** What to do **
From the first line to the last, set down the material exactly, leaving out its pictures.
*** Opening Supplied data ***
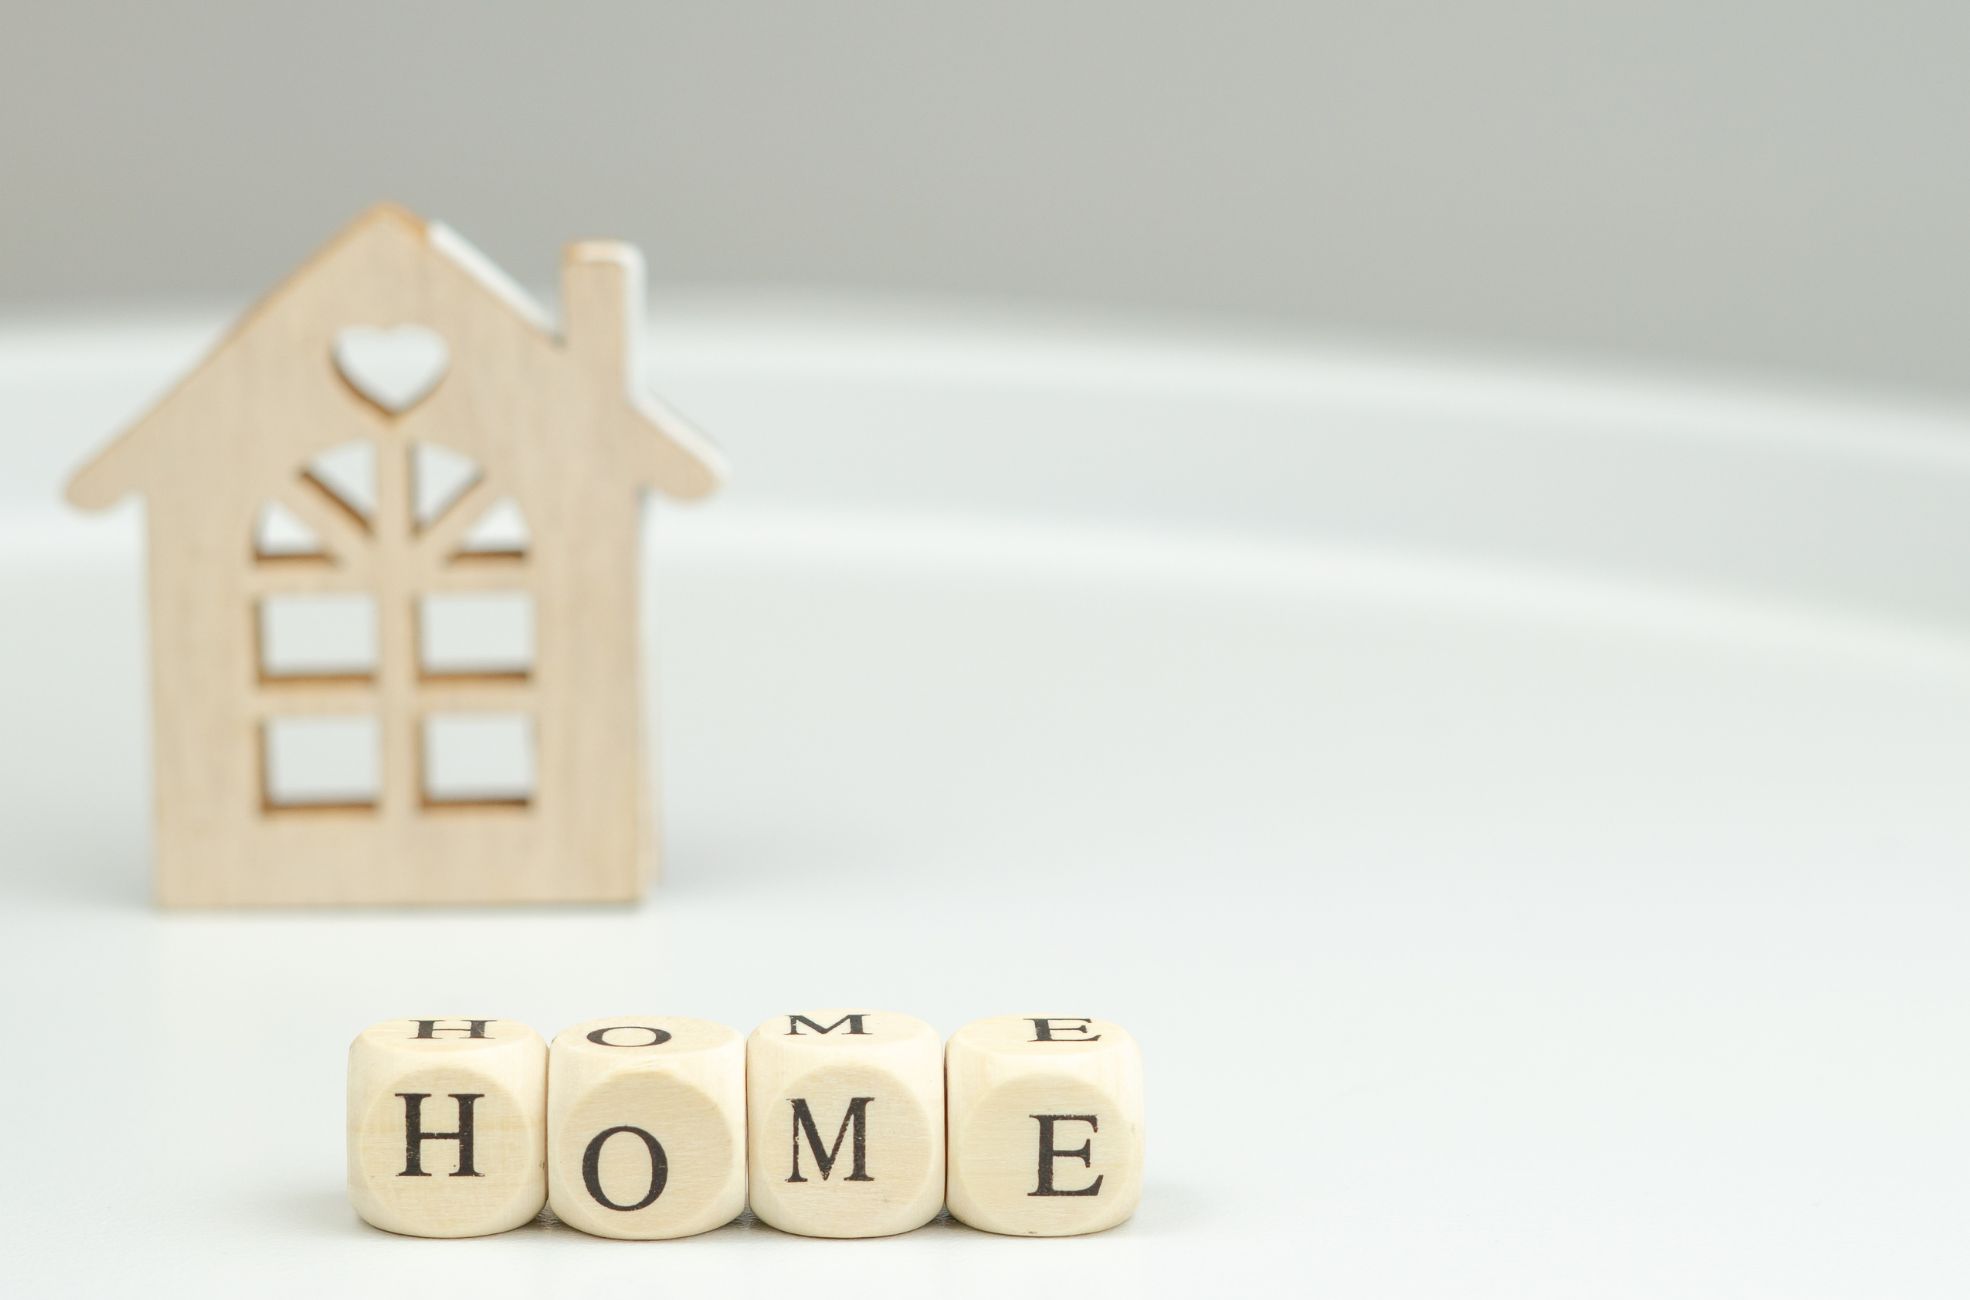 Stock Photo Showing Domicile By Blocks Saying Home And A House
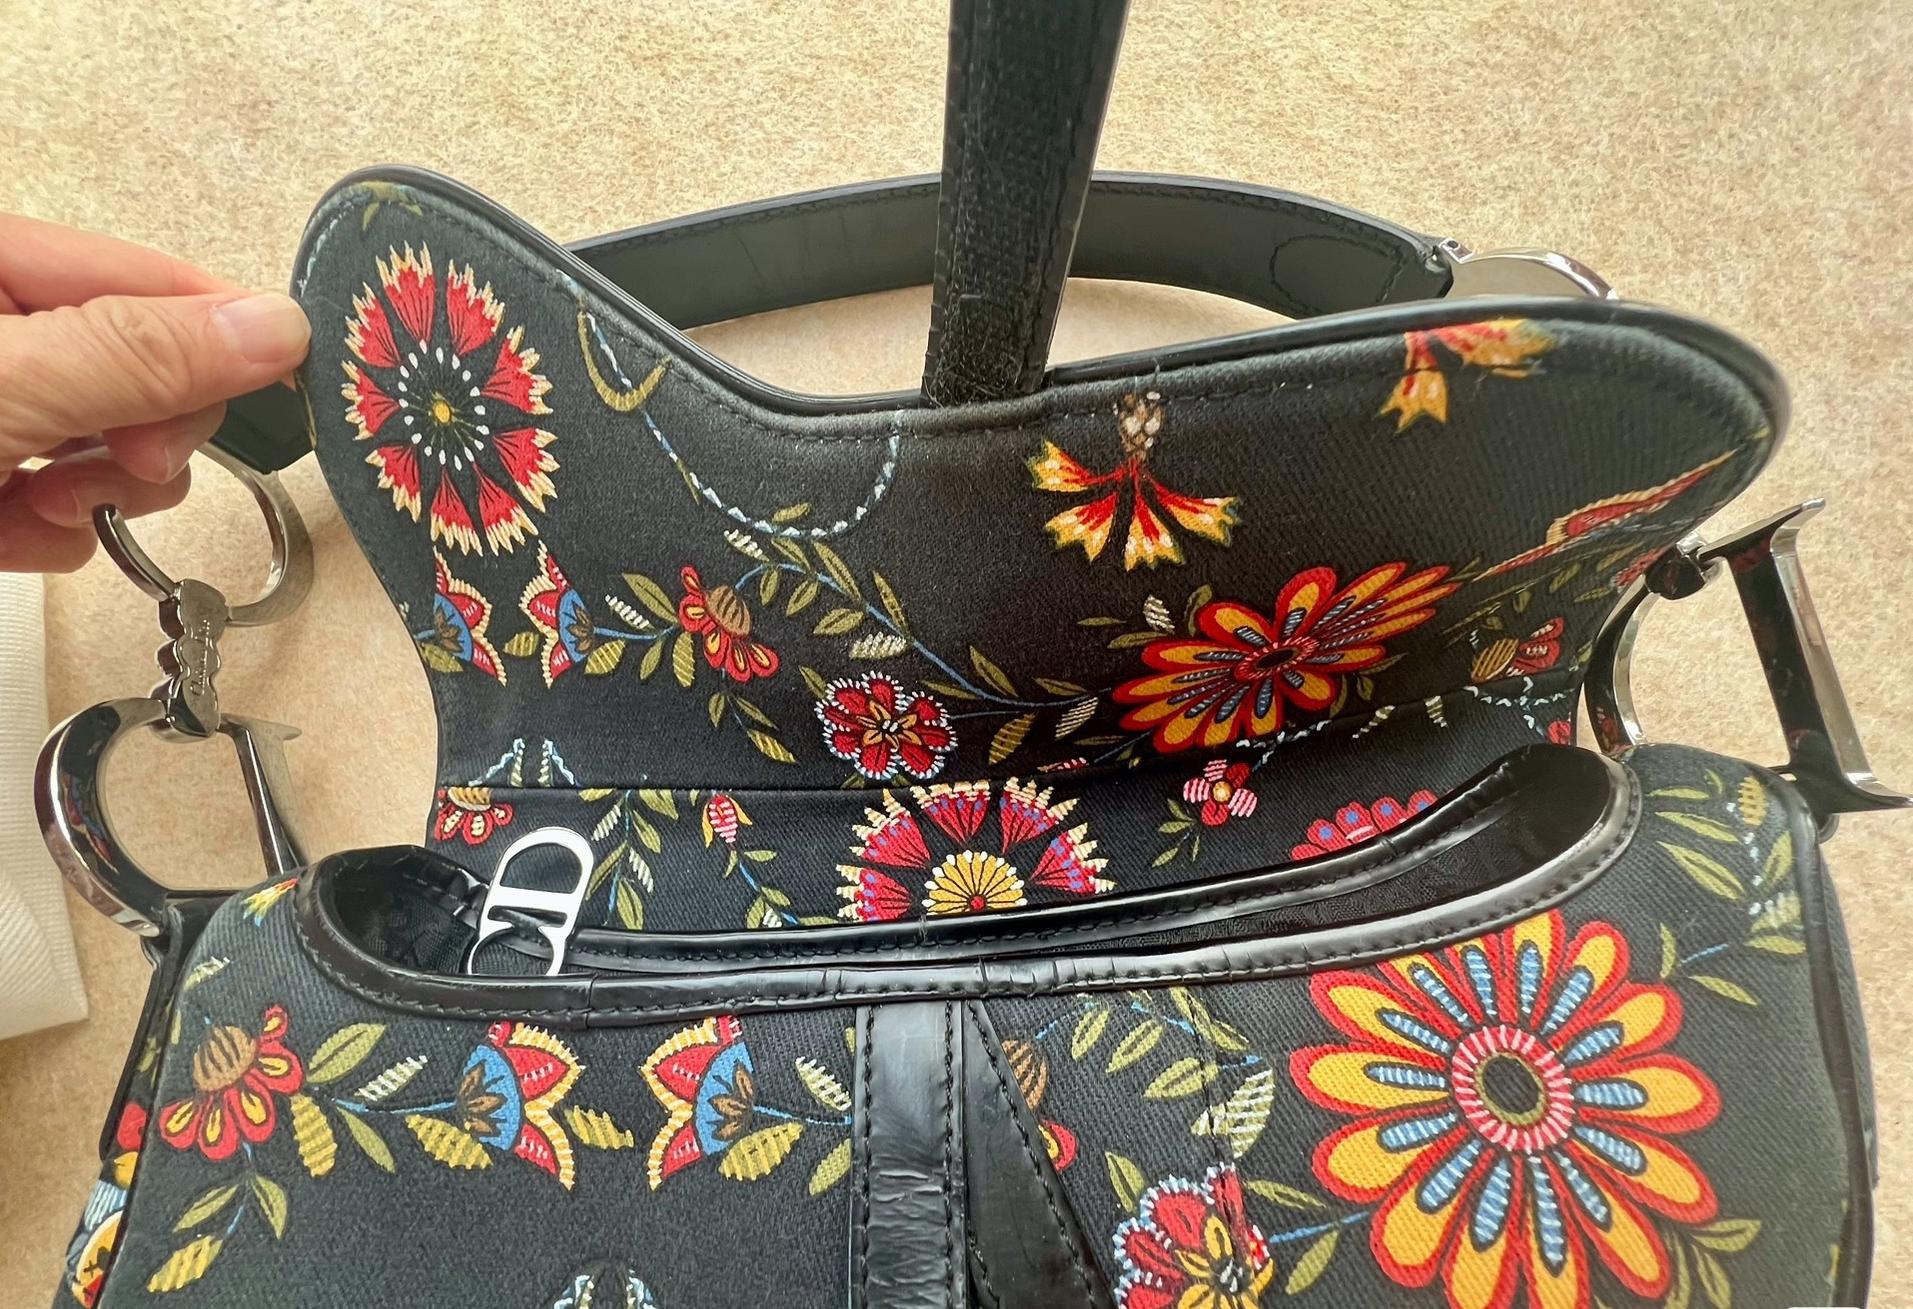 Dior Saddle Black Denim with Floral Embroidery John Galliano Design For Sale 10
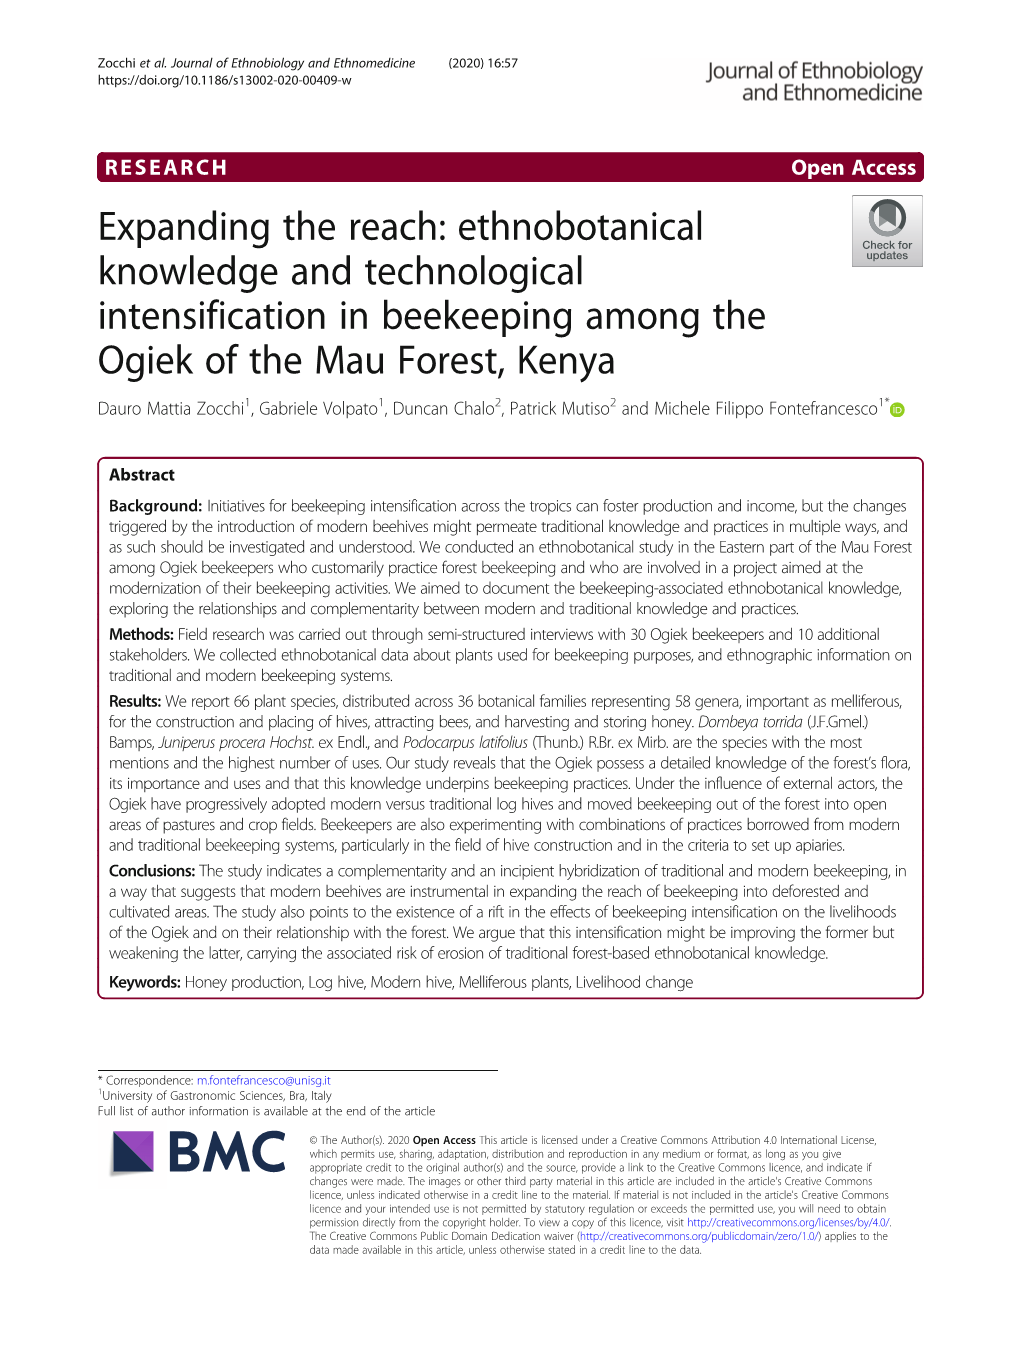 Expanding the Reach: Ethnobotanical Knowledge and Technological Intensification in Beekeeping Among the Ogiek of the Mau Forest
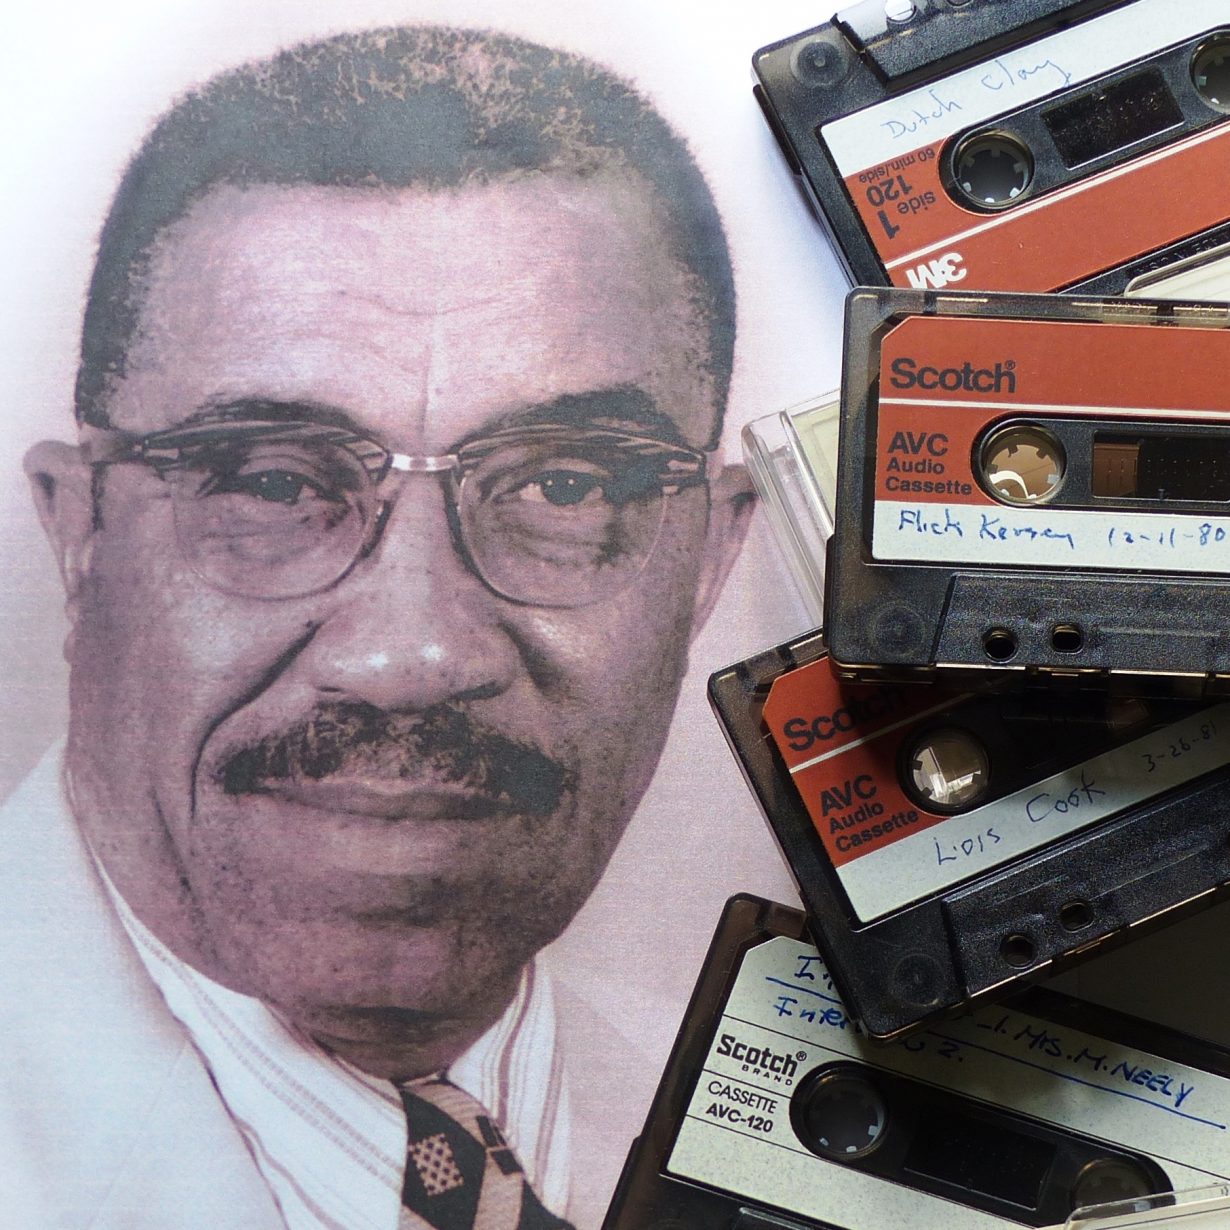 Casette tapes along side a photograph of A.P. Marshall
*** Closing Supplied data ***
** Task solution **
 Stock Photo Showing Domicile By Blocks Saying Home And A House
 Dior Saddle Black Denim with Floral Embroidery John Galliano Design For Sale 10
 Expanding the Reach: Ethnobotanical Knowledge and Technological Intensification in Beekeeping Among the Ogiek of the Mau Forest
 Casette tapes along side a photograph of A.P. Marshall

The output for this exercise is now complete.